_WORK TASK_.
Pictures in the material below are to be left out, and only the lines from the line with "בין בודהה לפסיכולוגיה" up to and including the line with "Makferlan Kadın Haki" are to be written out exactly.

_SUPPLIED INFORMATION_.
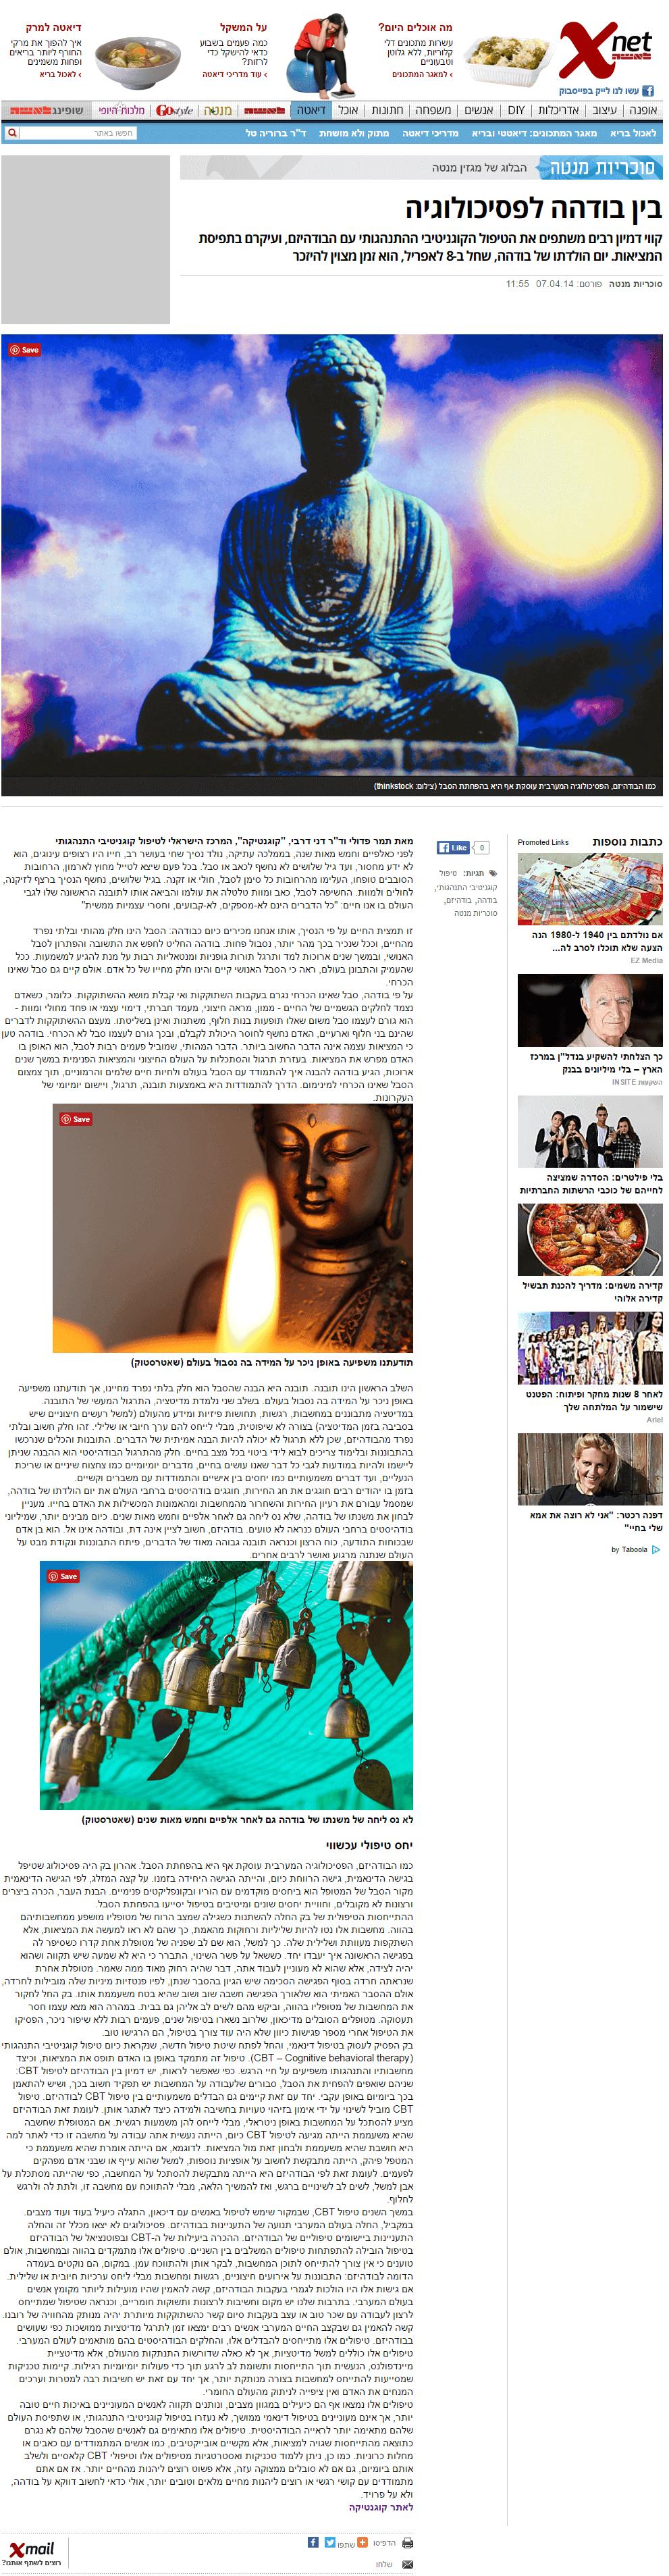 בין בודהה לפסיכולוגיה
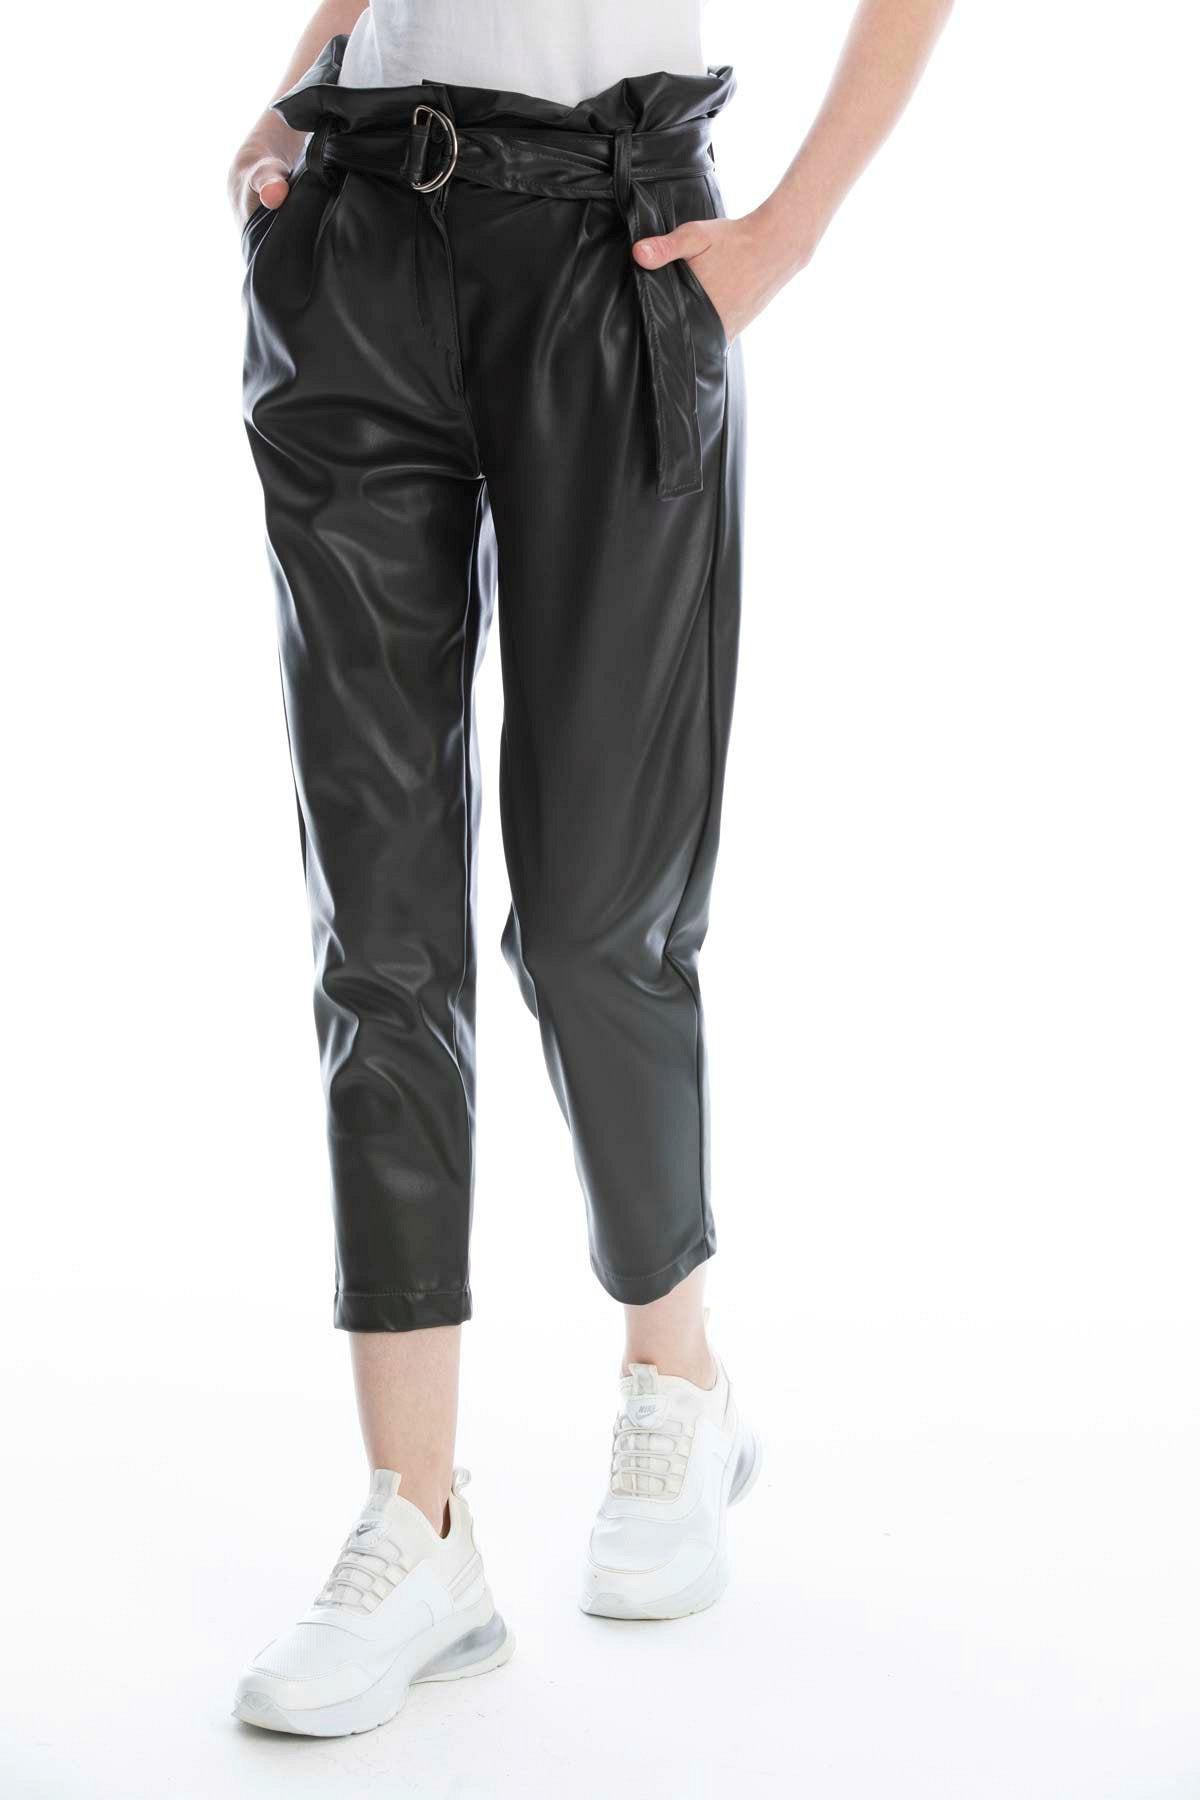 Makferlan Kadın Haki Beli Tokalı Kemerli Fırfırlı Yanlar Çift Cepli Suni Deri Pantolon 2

---

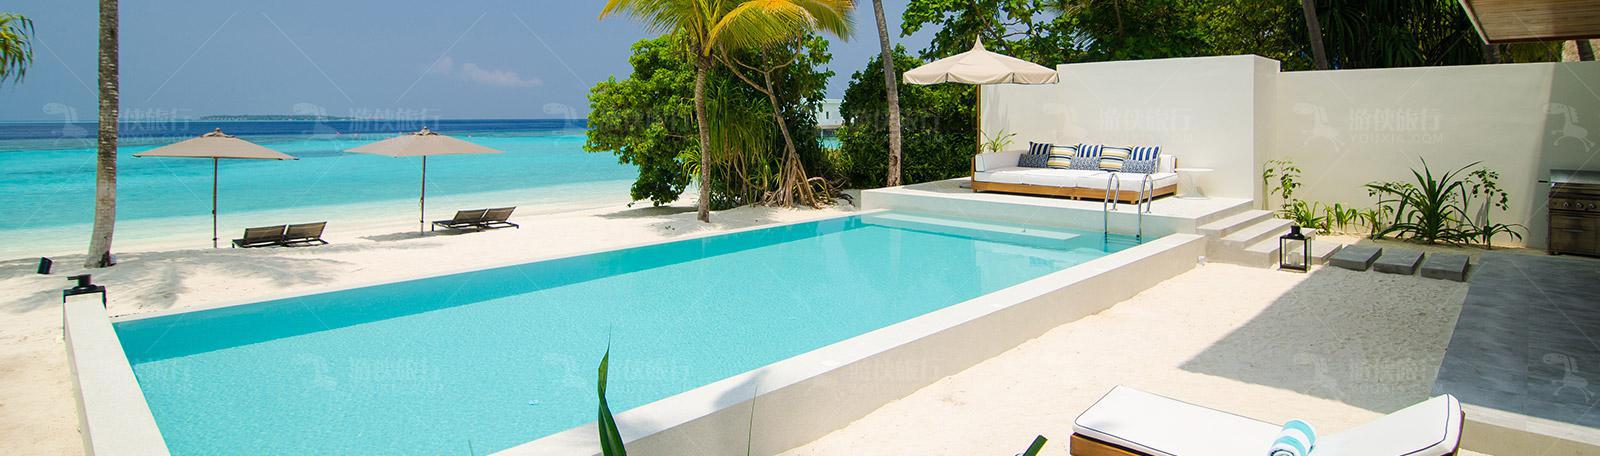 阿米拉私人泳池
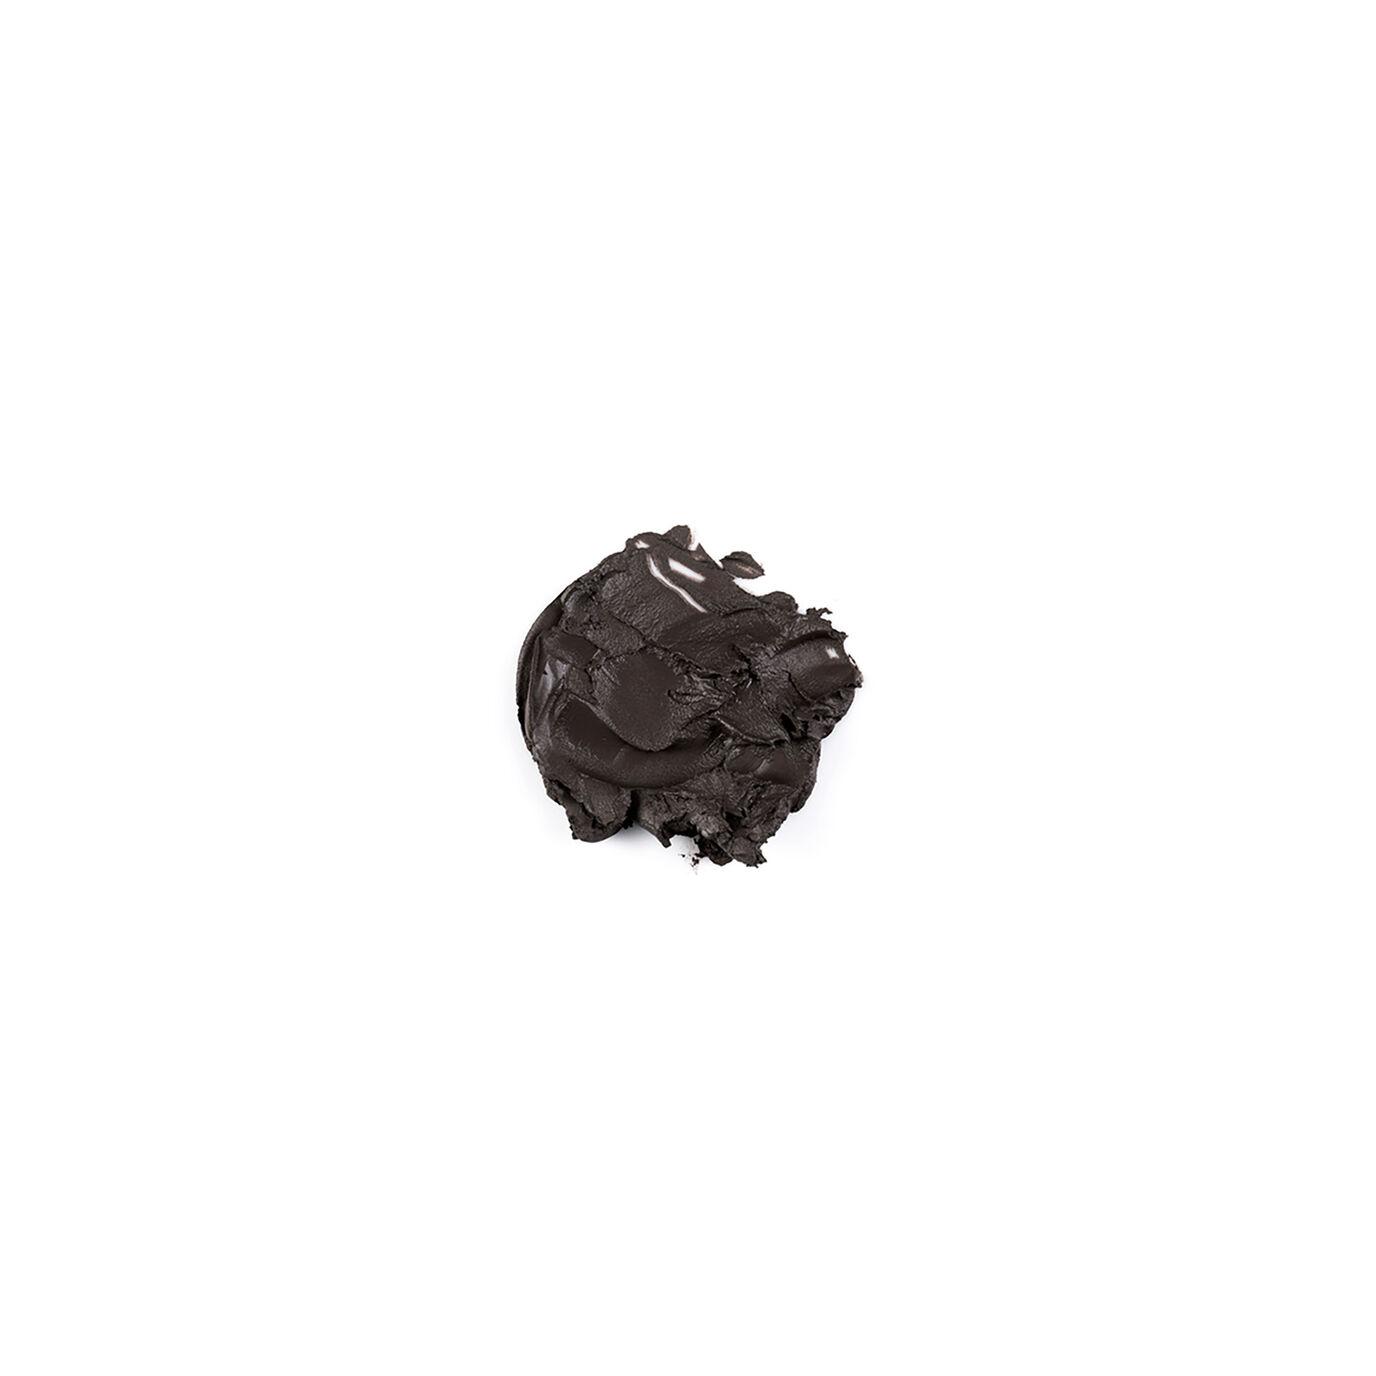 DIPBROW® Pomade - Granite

_RESULT FOR THIS EXERCISE_.
 בין בודהה לפסיכולוגיה
 Makferlan Kadın Haki Beli Tokalı Kemerli Fırfırlı Yanlar Çift Cepli Suni Deri Pantolon 2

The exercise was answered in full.